Kleinkunstbühne
'Larger movements with hands and feet are prohibited for reasons of personal safety for the actors' (14)
Kleinkunstbühne - small arts stage - was the name given to political cabaret shows in Austria. The name reflected the size and limited resources of this type of entertainment. The shows encompassed a mix of sketches, songs and monologues, humorous or satirical, often critical of the political establishment. Viennese audiences would have sat around tables, eating and drinking whilst watching performances.
The very nature of the productions identified the Laterndl as a distinctively Austrian theatre. The first shows were modelled on the semi-underground political cabarets of mid-1930s’ Vienna, where many of the actors and writers had worked before 1938.
The format allowed the writers to respond quickly to events and support the fight against the Nazis. At the time Britain did not have a political cabaret scene so this was a genuinely new type of performance in London.

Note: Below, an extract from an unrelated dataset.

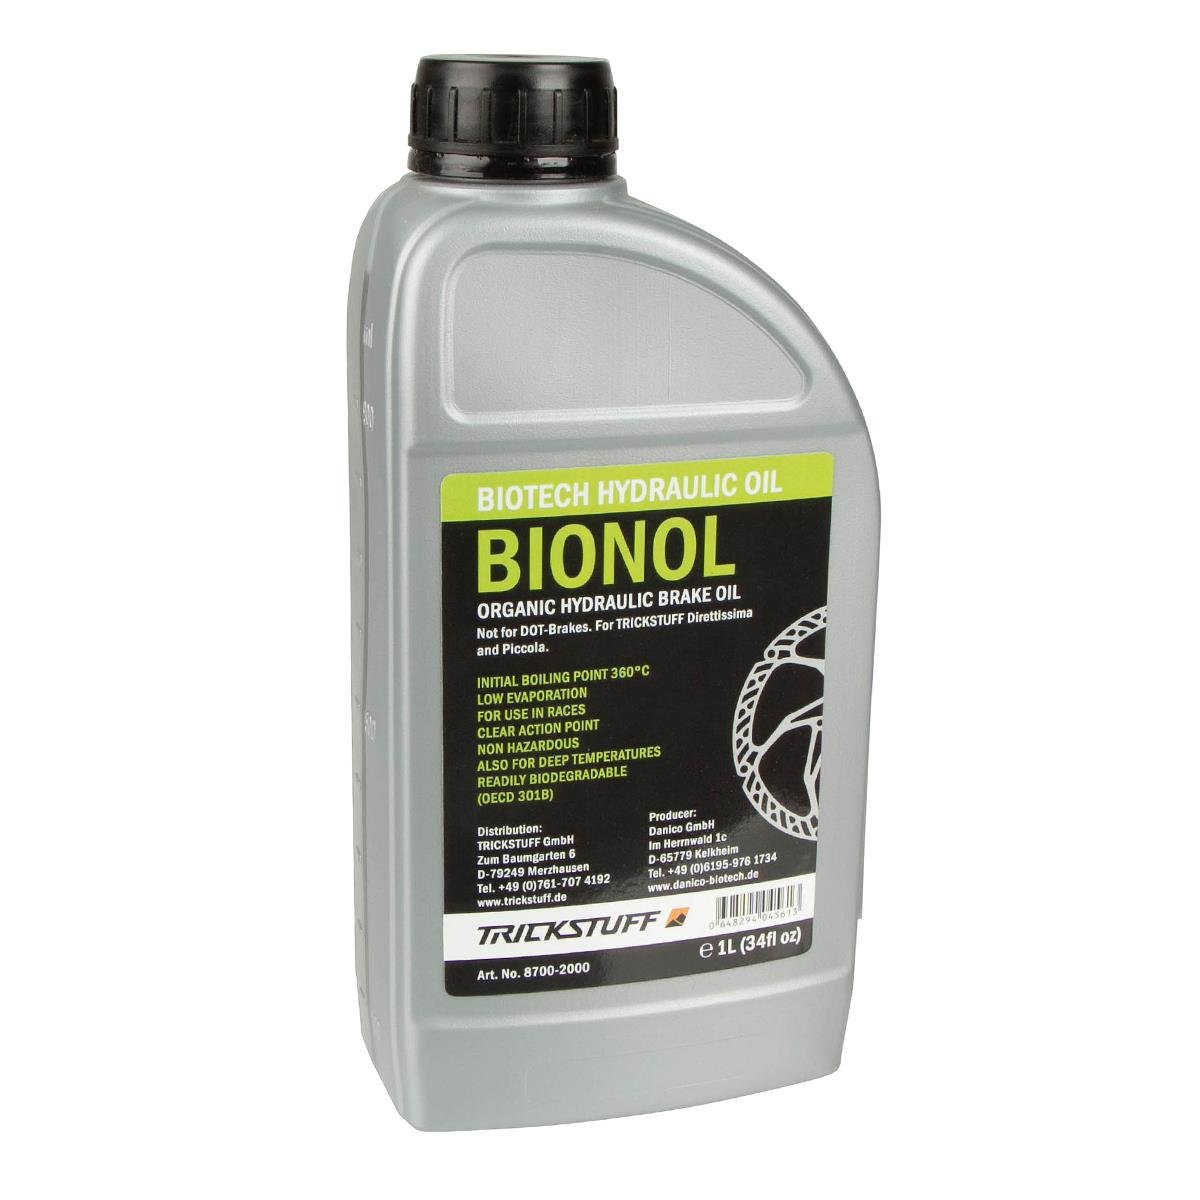 Trickstuff Huile Hydraulique Bionol 1000 ml

Some of the sketches were re-performances of material written in Vienna but most were new, written by a team of in-house writers. These included Viennese political cabaret veterans Hugo Königsgarten and Rudolf Spitz and Austrian Centre stalwarts Albert Fuchs, Franz Hartl and Eva Priester.
Woven into many of the programmes were performances by Martin Miller and Fritz Schrecker of traditional Viennese folk songs. The lyrics were often adapted to satirise the Nazi regime. This was a specialism which Miller and Schrecker later transferred to BBC German Service radio.